Tuesday, September 18, 2007

Hello, Old Friend

I remember this feeling, these smells, but they creep over me with a fresh joy: the cool, corrupted scent of leaves and earth, the starched crispness of the air, like a glass of ice tea after the long, langurous day that was the summer.

I remember this feeling, and it binds me to itself and all of its memories: the eyes sneaking downward to close, the limbs dull and spent, the mind wandering, staggering down blind alleys of thought, the sleep that is never quite as much as I would have liked -- or needed, the exhaustion that is somehow sweet and thrilling.

What can I say to it, but "Hello, old friend"?

Thursday, September 13, 2007

Conclusion: The Curse of the Hall of Nations

I crossed the lush red carpet and followed the sound, faint but growing, of a crooner cradling the microphone in his fat brown palms. None of my friends had arrived. I stuffed my purse under some ivy in a planter and wove my way through the spectators, limping every so slightly.

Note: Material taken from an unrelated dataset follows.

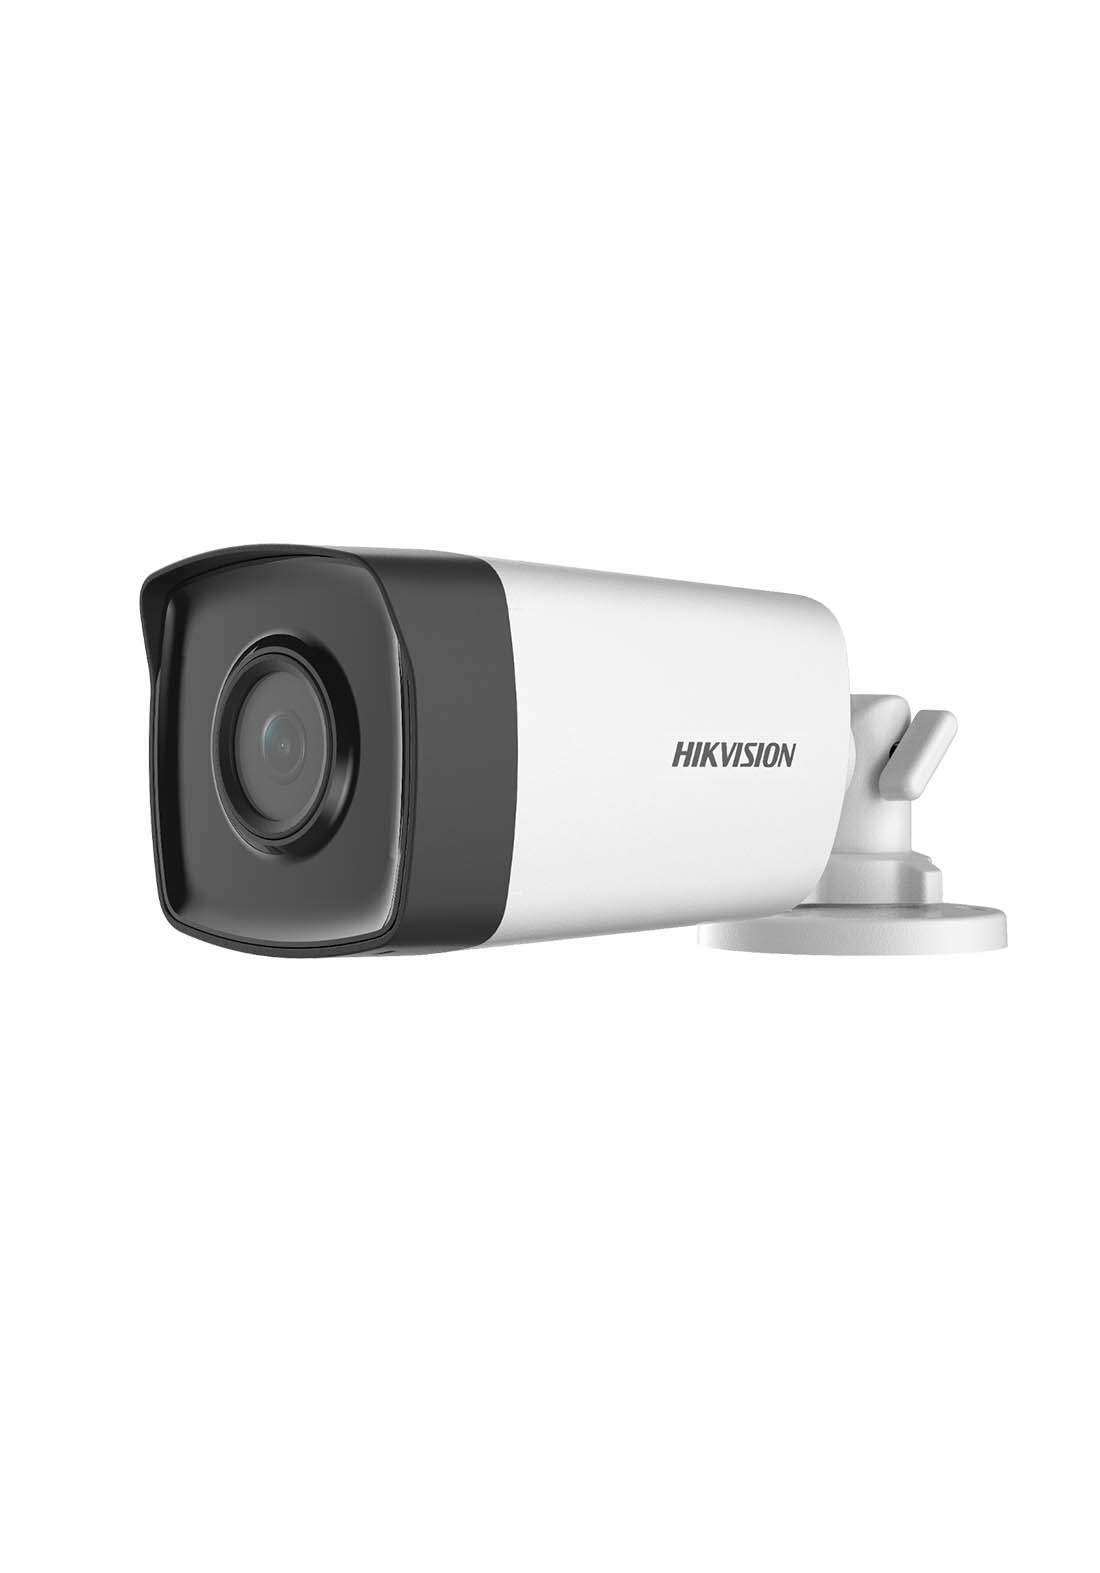 Hikvision DS-2CE17D0T-IT5F 2MP 3.6mm Turbo Camera - White كاميرا مراقبة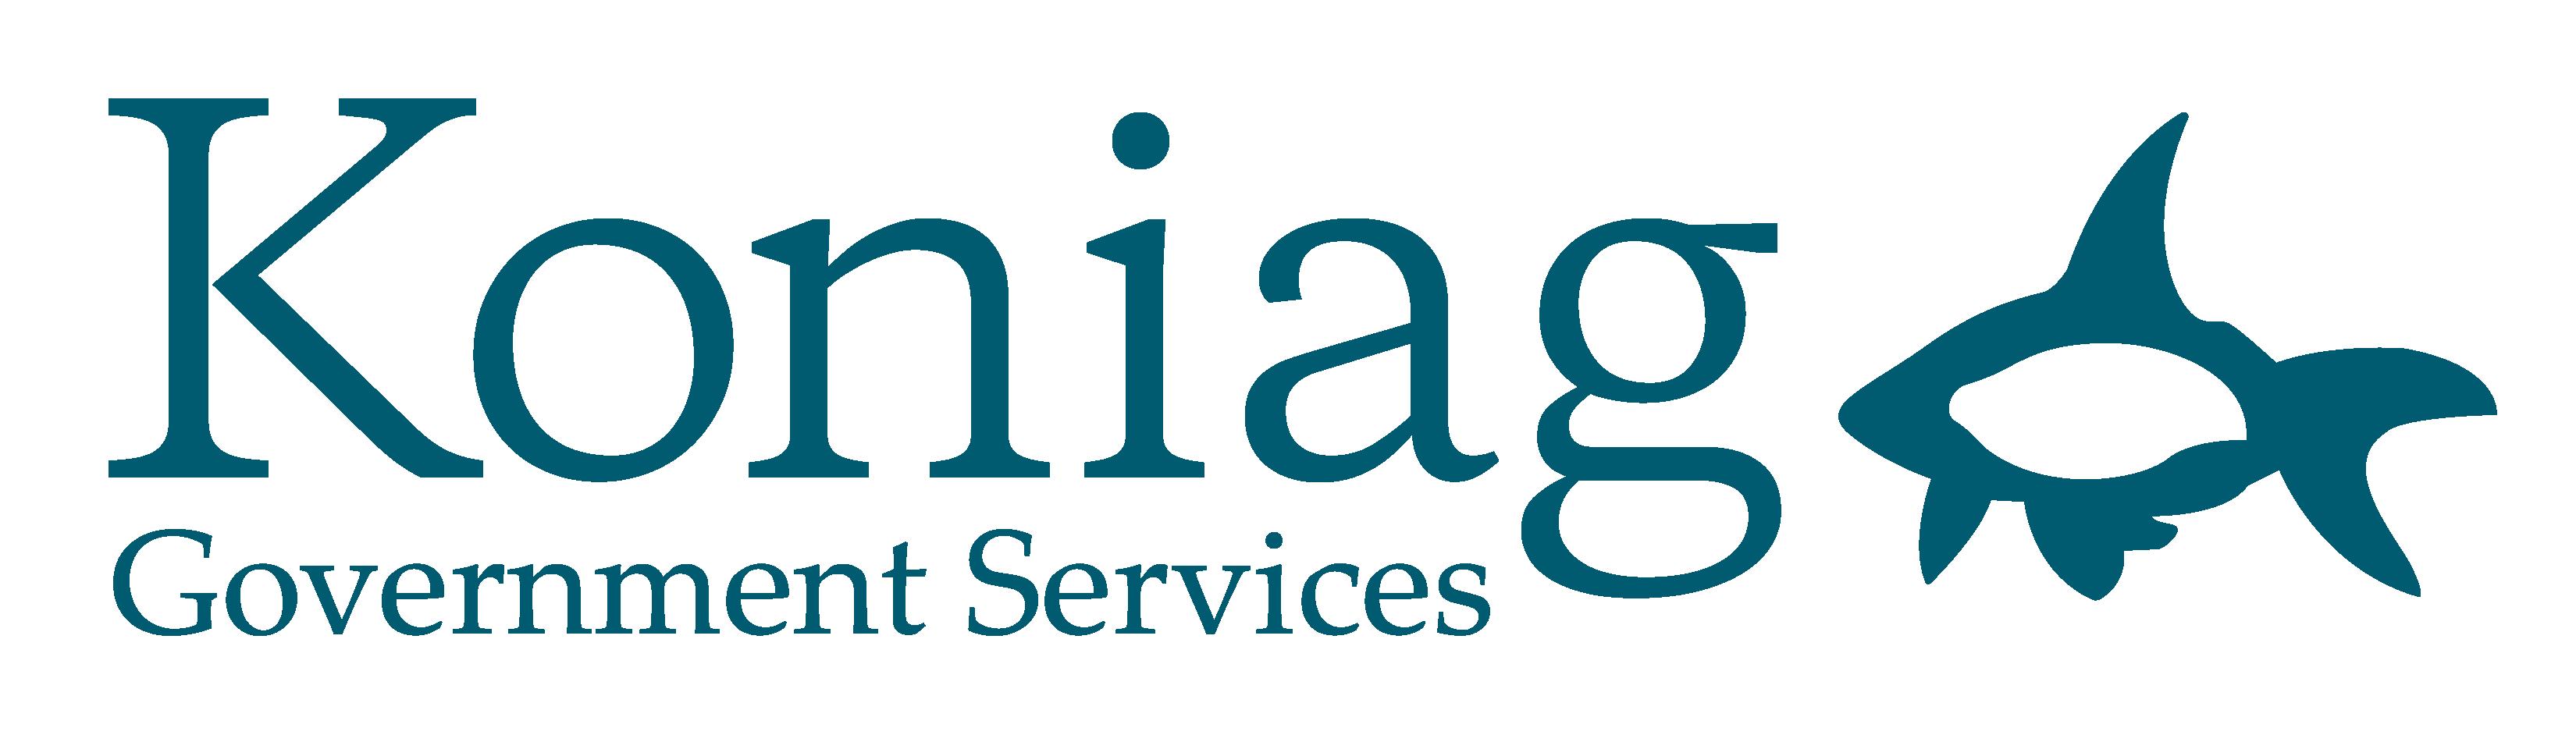 Koniag Government Services - logo image

I milled on the edge, near the band, where the good dancers find their partners. I tapped my toes, trying at once to look nonchalant and eager to dance, tossing my gaze and reeling it back in like a fly fisherman, waiting for the first WWII veteran or gawky college freshman to ask me to the floor. After three dances, my foot was hurting considerably, but I paid it little heed; it was an annoyance.

Meg arrived, and we danced together for a bit. She continues to be the best male lead east of the Mississippi, and, when she returns to England soon, the best one east of the Atlantic. She obligingly spun me around a bit, but my shoe fell off in the middle of the song. I bent down to put it back on, and realized that something was very wrong.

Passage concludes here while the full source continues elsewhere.